Полки готовились к выступлению быстро и по возможности бесшумно, хотя все знали что полностью бесшумного передвижения дружины, одетой в металлические доспехи, просто быть не может. Металл при каждом шаге коня вынужден стучаться о металл, и этот звук можно только слегка приглушить, но никак не убрать совсем. Но и такого приглушения звука достаточно, потому что франки должны не посторонние шумы со спины собирать, а сами, тоже доспехами гремя, вперёд рваться, чтобы врубиться в ряды данов, большая часть которых по традиции воюет пешим строем. Франки услышат приближение вагров только тогда, когда дружина Веслава лавиной выкатится в мощную, всё сносящую атаку. И горе тем рыцарям, которые не смогут развернуть коней и встретить на скорости атаку, идущую сверху вниз. А времени и возможности развить скорость воевода Веслав франкам решил не предоставлять. Лес слишком близко к реке подходит, чтобы успели франки разогнаться. И пусть спуск к воде пологий, но всё-таки он есть, и его вагры используют с полным умением. А хвалёным рыцарям графа Оливье придётся рвать шпорами конский доспех[7], но и это не поможет лошадям разогнаться в полную прыть…

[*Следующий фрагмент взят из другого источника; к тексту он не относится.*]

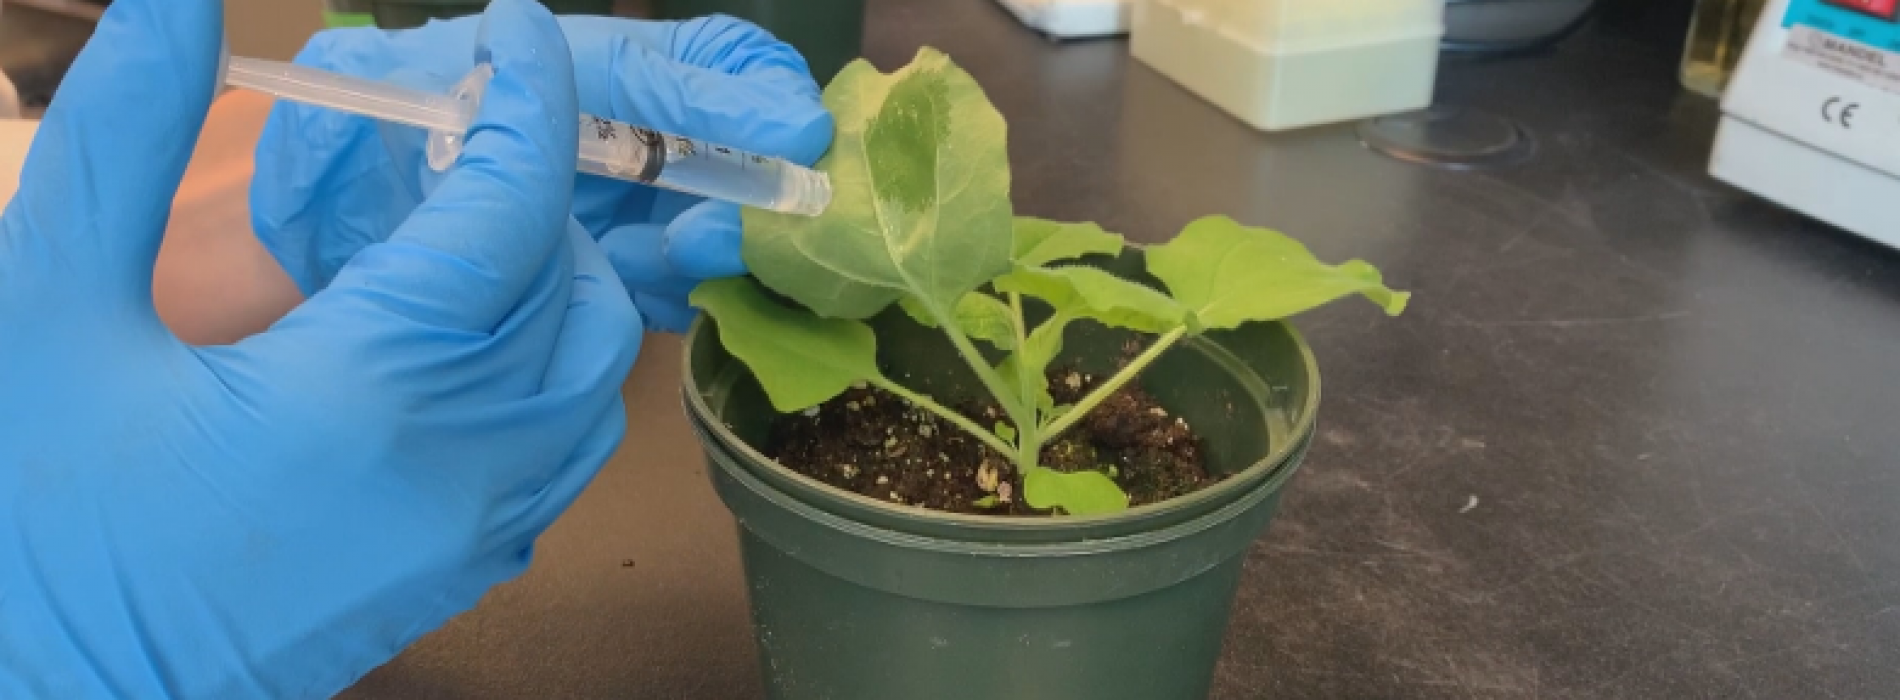 Wetenschapper ontwikkelt op planten gebaseerd eetbaar vaccin voor COVID-19

Но, чтобы так случилось, следует толком подготовиться, и появиться перед врагом неожиданно. И воевода терпеливо дожидался, когда его дружинники завершат звукомаскировку, и встанут в строй за своими сотниками и воеводами, чтобы по самым неприметным тропам выйти на лесную опушку одновременно со всеми. И только после этого дал первую команду, махнув рукой – показал направление движения сотнику Русалко и его стрельцам.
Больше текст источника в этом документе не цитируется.